Setting up the backups involved a few simple steps:
1. Creating a new Backblaze B2 account
1. Setting-up a bucket on B2
1. Writing a script to automate the backup to the B2 bucket
You get 10GB free on Backblaze. Head over to the sign-up page [10] in order to create your account.
Once you've got your account and have verified everything, go to the "Buckets" tab of your Backblaze account's UI, and click "Create a bucket". This will open up a dialog.
Enter a unique name for your bucket and ensure you mark files as "private". I also turned on default encryption for an extra level of security. When ready, click "Create bucket".
Since we will be periodically backing-up data to this bucket, the bucket will quickly take up more and more space (and cost you more too). As such, I recommend adding a lifecycle rule to tell B2 to automatically delete "old" backup files. To do so, click the "Lifecycle Settings" option on your new bucket, and configure how long you want to keep old file versions around for (I used 10 days):
Finally, we need to create some credentials that will enable the backup system to write files to the bucket.
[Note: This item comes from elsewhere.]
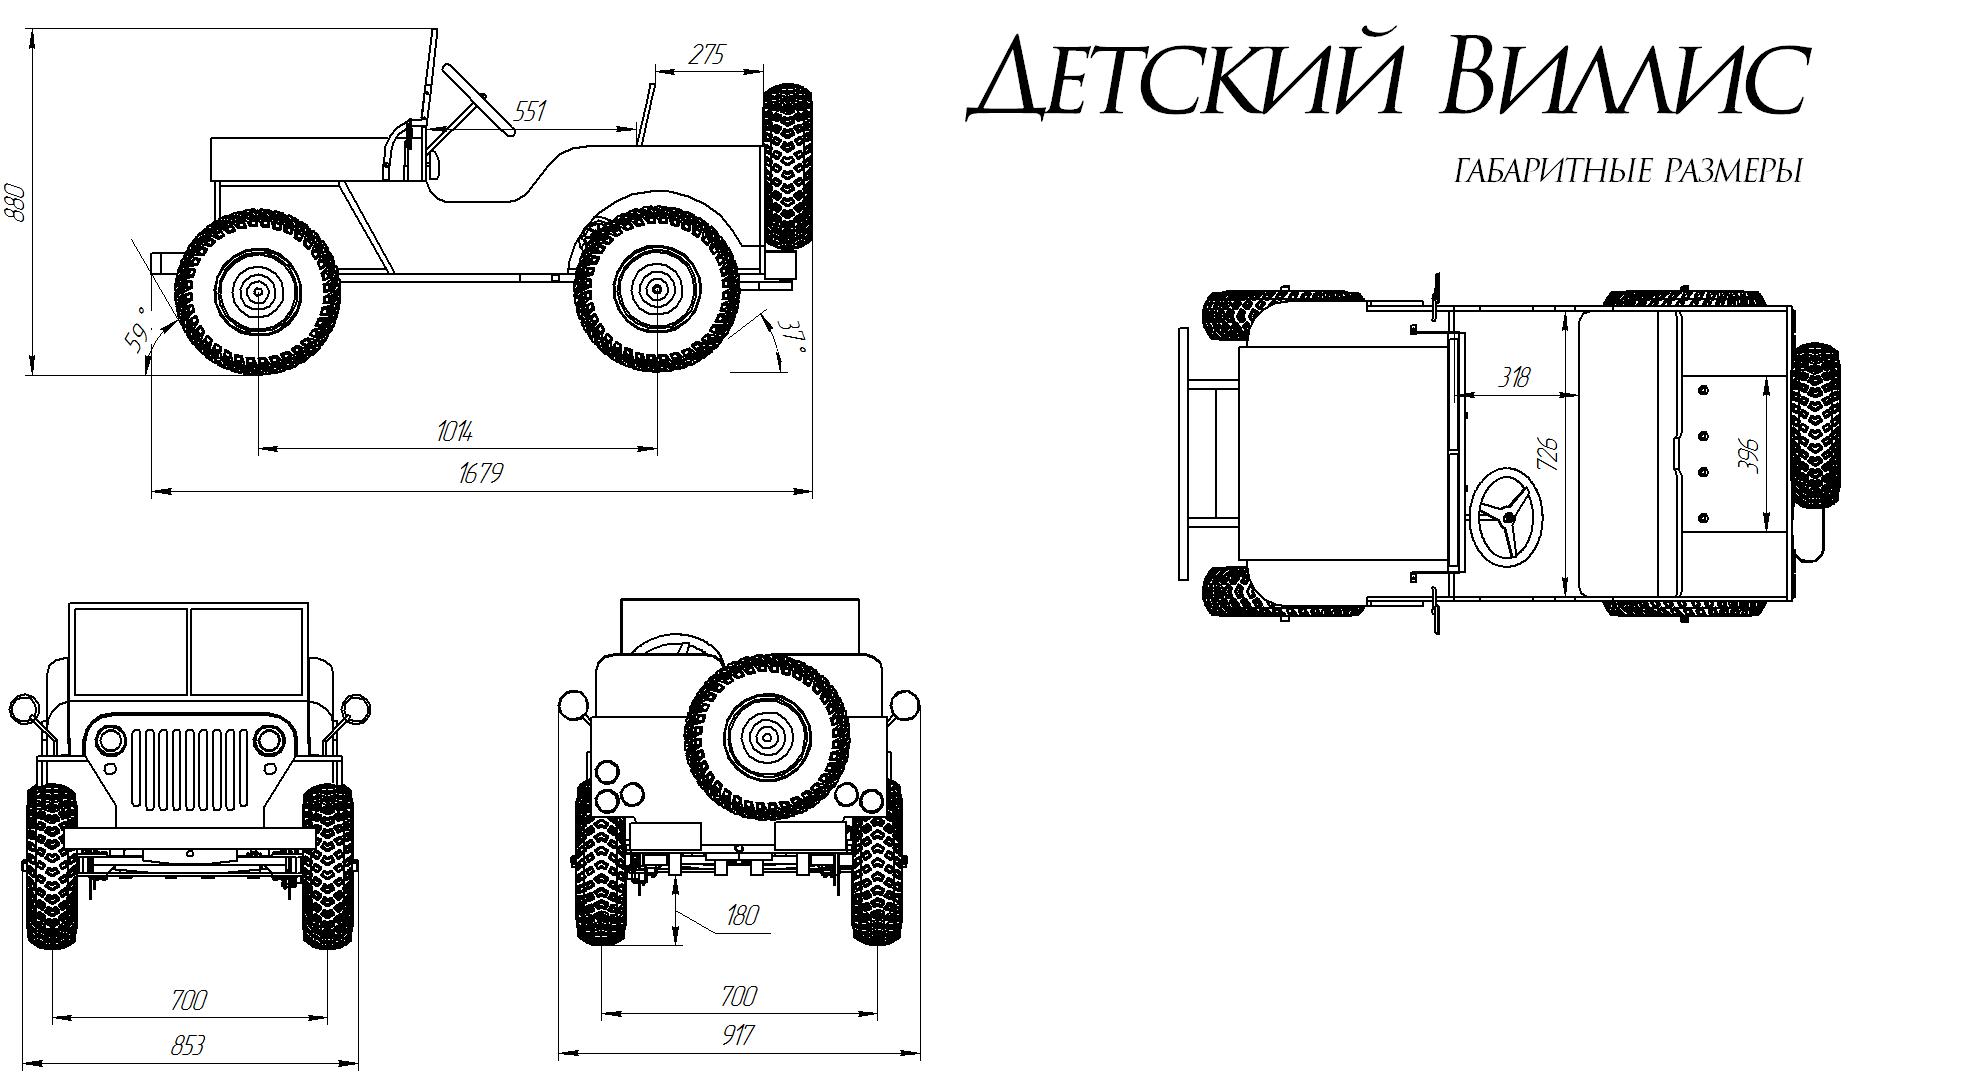 Indexphp 19661073 Go Kart Pinterest Mini Jeep And Cars Wrangler Draw Pedal

Go to the "App Keys" tab of your B2 dashboard, and click "Add a New Application Key". On this dialog, name your key and ensure this key can only write files to the bucket. You may also want to restrict this key to only work with your specified bucket.
Make a note of the `keyID` and `applicationKey` that will be displayed (as well as your bucket's name and the "endpoint" shown on your bucket), as you'll need these later.
Backblaze does have an API for managing buckets and files, but using this (especially for larger files) felt overly complex. Since B2 is S3-compatible, we can just make use of standard S3 tools, such as `awscli`.
As such, my script for backups simply creates a tarball containing all of the directories and files I want to backup, and then sends it to B2. This can be as simple as the following:
#!/bin/bash tar --warning=no-file-changed -czf /tmp/backup.tar.gz /first/path /second/path aws s3 cp /tmp/backup.tar.gz "s3://$BUCKET/backup.tar.gz" --endpoint-url "$ENDPOINT"
Before running the script, ensure that the following environment variables are set:
- `AWS_ACCESS_KEY_ID` (set to the `keyID` of the B2 key you created)
- `AWS_SECRET_ACCESS_KEY` (set to the `applicationKey` of the B2 key)
- `BUCKET` (the unique name of the bucket you created on B2)
- `ENDPOINT` (the endpoint shown on your bucket on the B2 UI: similar to `https://s3.eu-central-003.backblazeb2.com`)
If these are correctly set (and dependencies like `awscli` are installed), you should be able to mark the script as executable and then run it to backup the directories `/first/path` and `/second/path` (obviously change these to real paths on your server, and you can always add more).
You can verify the upload was successful by browsing the bucket on the B2 interface. Please note it can sometimes take a few minutes for files to show up!
_Note: I use the `--warning=no-file-changed` flag to prevent tar from warning about files that change during the tarball creation process (this happens to me because I backup my Matrix server files too, which change quite frequently as new messages arrive)._
The above setup is useful for one-off backups, but I wanted to automate the process. This could be as simple as a cron job, but I like Dockerizing things (this makes the environment variables easier to manage too).
To see my approach to automating the backup, feel free to clone and use the Docker image at this repository [11].